Joseph J. Peper

Also published as: Joseph J Peper, Joseph Peper


2024

pdf
Shoes-ACOSI: A Dataset for Aspect-Based Sentiment Analysis with Implicit Opinion Extraction
Joseph J Peper | Wenzhao Qiu | Ryan Bruggeman | Yi Han | Estefania Ciliotta Chehade | Lu Wang
Findings of the Association for Computational Linguistics: EMNLP 2024

We explore *implicit opinion extraction* as a new component of aspect-based sentiment analysis (ABSA) systems. Prior work in ABSA has investigated opinion extraction as an important subtask, however, these works only label concise, *explicitly*-stated opinion spans. In this work, we present **Shoes-ACOSI**, a new and challenging ABSA dataset in the e-commerce domain with implicit opinion span annotations, the first of its kind. Shoes-ACOSI builds upon the existing Aspect-Category-Opinion-Sentiment (ACOS) quadruple extraction task, extending the task to quintuple extraction—now localizing and differentiating both implicit and explicit opinion. In addition to the new annotation schema, our dataset contains paragraph-length inputs which, importantly, present complex challenges through increased input length, increased number of sentiment expressions, and more mixed-sentiment-polarity examples when compared with existing benchmarks.

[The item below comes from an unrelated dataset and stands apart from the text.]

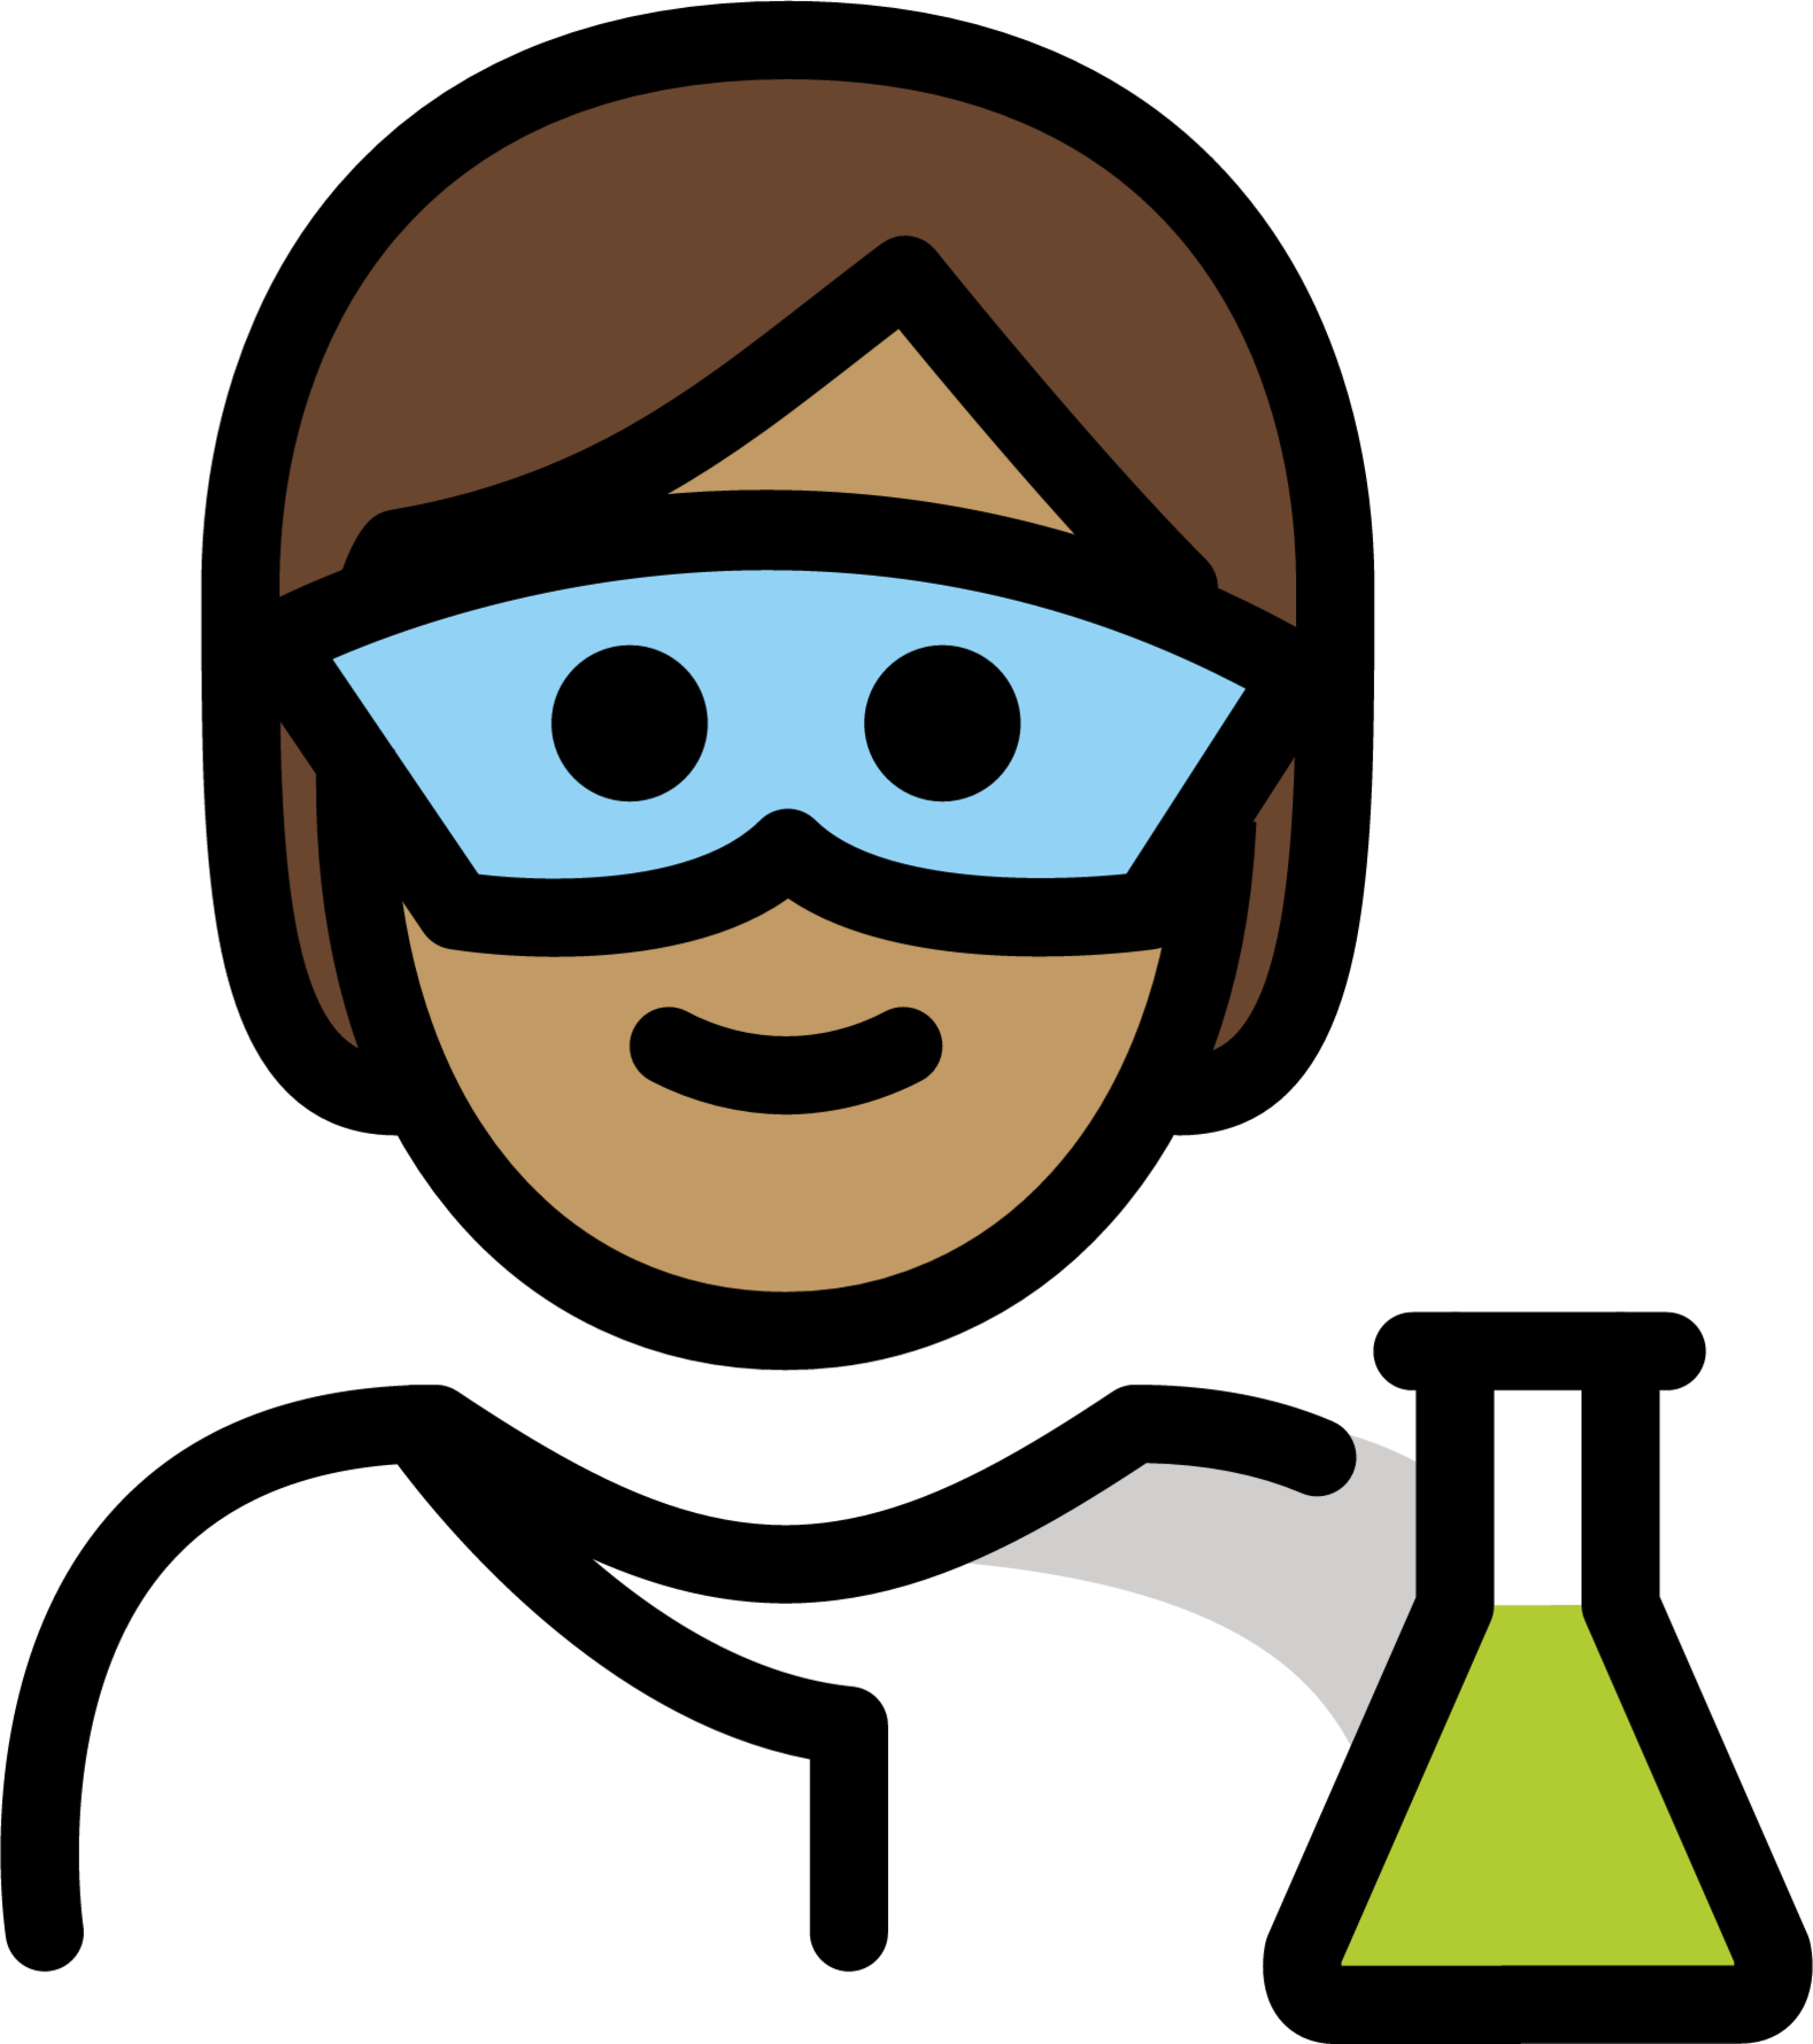 scientist: medium skin tone emoji

We quantify the difficulty of our new dataset by evaluating with state-of-the-art fully-supervised and prompted-LLM baselines. We find our dataset presents significant challenges for both supervised models and LLMs, particularly from the new implicit opinion extraction component of the ACOSI task, highlighting the need for continued research into implicit opinion understanding.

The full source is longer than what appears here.